The equation of a line

Systems of linear equations: An equation of a line

The equation of a line

We have seen that solutions of the form #\blue p \cdot x + \green q\cdot y+\purple r=0# have a line as solutions. We have also seen that the linear formula #y = a\cdot x+b# has a line as a graph. Hence, there are two ways of describing the equation of a line.

Equation of a line

We can describe the equation of a line in two different ways:

We can describe the equation of a line as \[\blue p \cdot x + \green q \cdot y+\purple r=0\] in which both #p# and #q# can not be #0#.
We can describe the equation of a line as \[\begin{array}{c}y=a \cdot x +b\\ \text{ for an oblique or horizontal line or }\\ x=b\\ \text{ for a vertical line}\end{array}\]

Example

The following equations represent the same line:
\[\blue {-2} \cdot x+\green 3 \cdot y+\purple {-1}=0\] \[y=\frac{2}{3} \cdot x +\frac{1}{3}\]

geogebra plaatje

Reduction

Just like we saw with Solution to a linear equation with two unkowns we can use reduction to rewrite the equations of the form #p \cdot x + q \cdot y+r=0# as #y=a \cdot x+b# or #x=b#.

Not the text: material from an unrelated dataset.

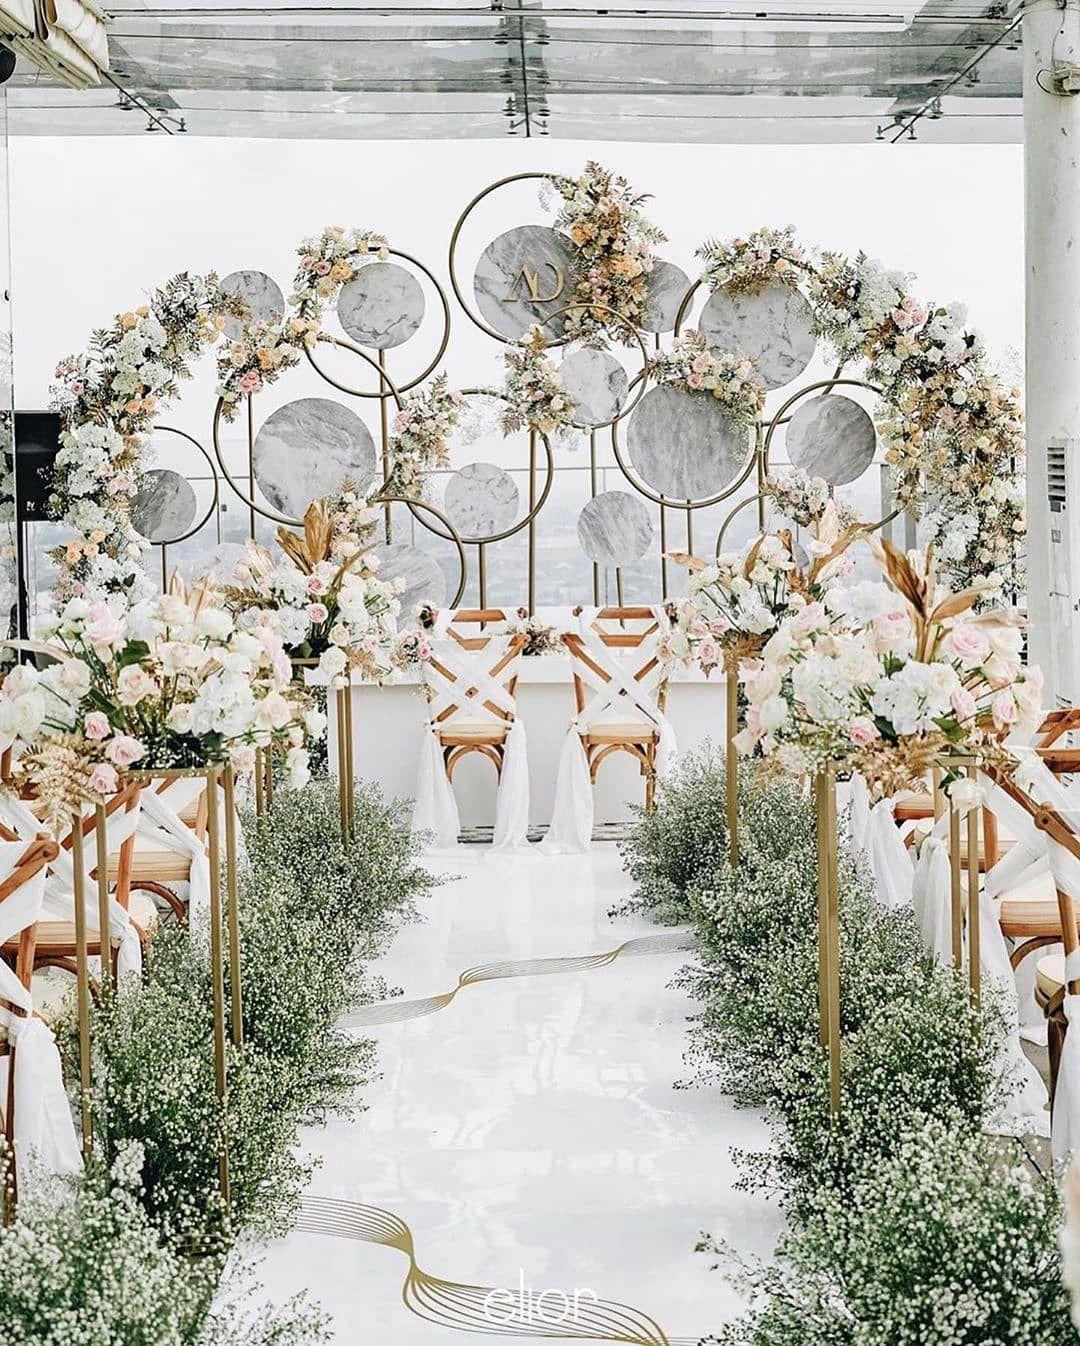 Modern Wedding Australia On Instagram Imagine Floating Down This Aisle Talk About A Wedding Dream D In 2020 Brides Table Wedding Marketing Wedding Modern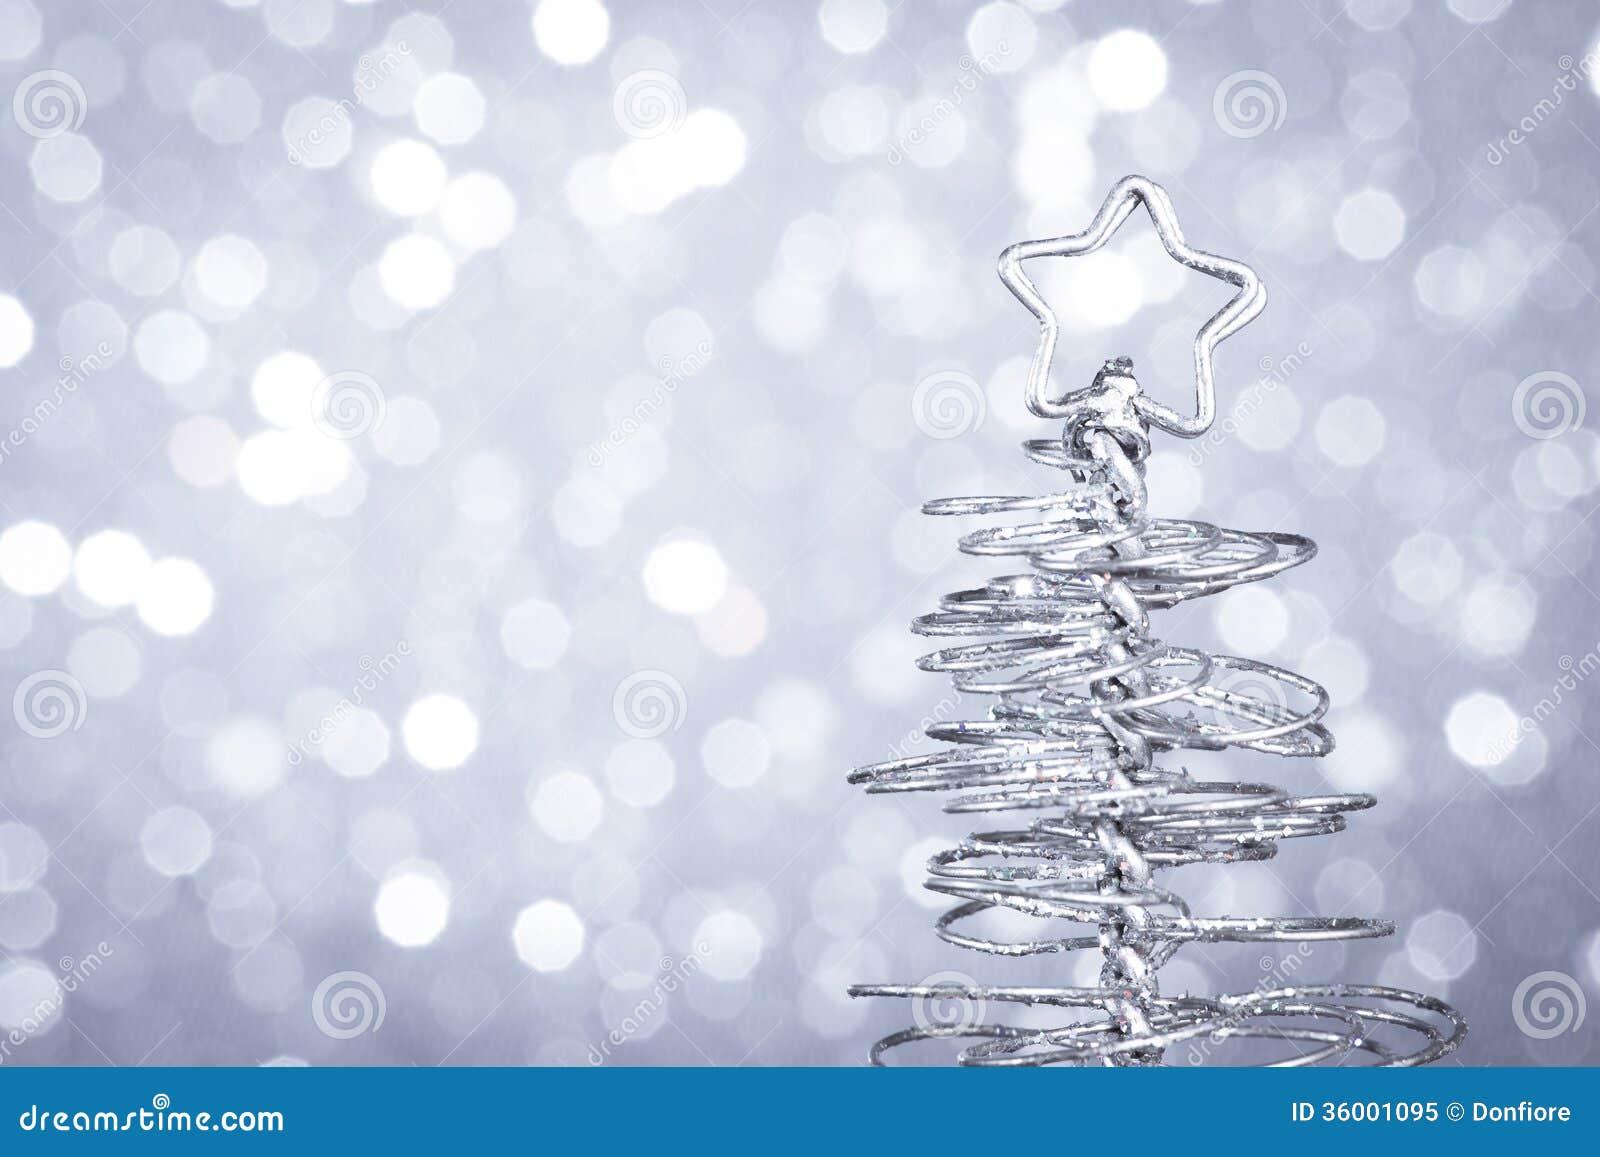 Detail Of Metallic Modern Christmas Tree On Wood Table Royalty ...

In the same manner #y=a \cdot x+b# or #x=b# can be rewritten to the form #p \cdot x + q \cdot y+r=0# by means of reduction.

Example

\[\begin{array}{rcl}
-2x+3y-1 &=& 0 \\
3y-1&=&2x \\
3y&=&2x+1 \\
y&=&\frac{2}{3}x+\frac{ 1 }{ 3}
\end{array}\]

If possible, rewrite the equation \[6\cdot x+y=3\] into the form #y=a\cdot x+b# with the correct values of #a# and #b#. If this is not possible, then write #x=b# for the correct value of #b#.

#y=-6\cdot x+3#

Because the coefficient of #y# is not equal to zero in the given equation, it is possible to reduce the equation to the form #y=a\cdot x+b#. We achieve this form through reduction:
\[\begin{array}{rcl}
6\cdot x+y&=&3 \\&&\phantom{xxx}\blue{\text{the given equation}}\\
y&=&-6\cdot x+3\\&&\phantom{xxx}\blue{\text{subtracted }6\cdot x\text{ left and right}}\\

\end{array}\]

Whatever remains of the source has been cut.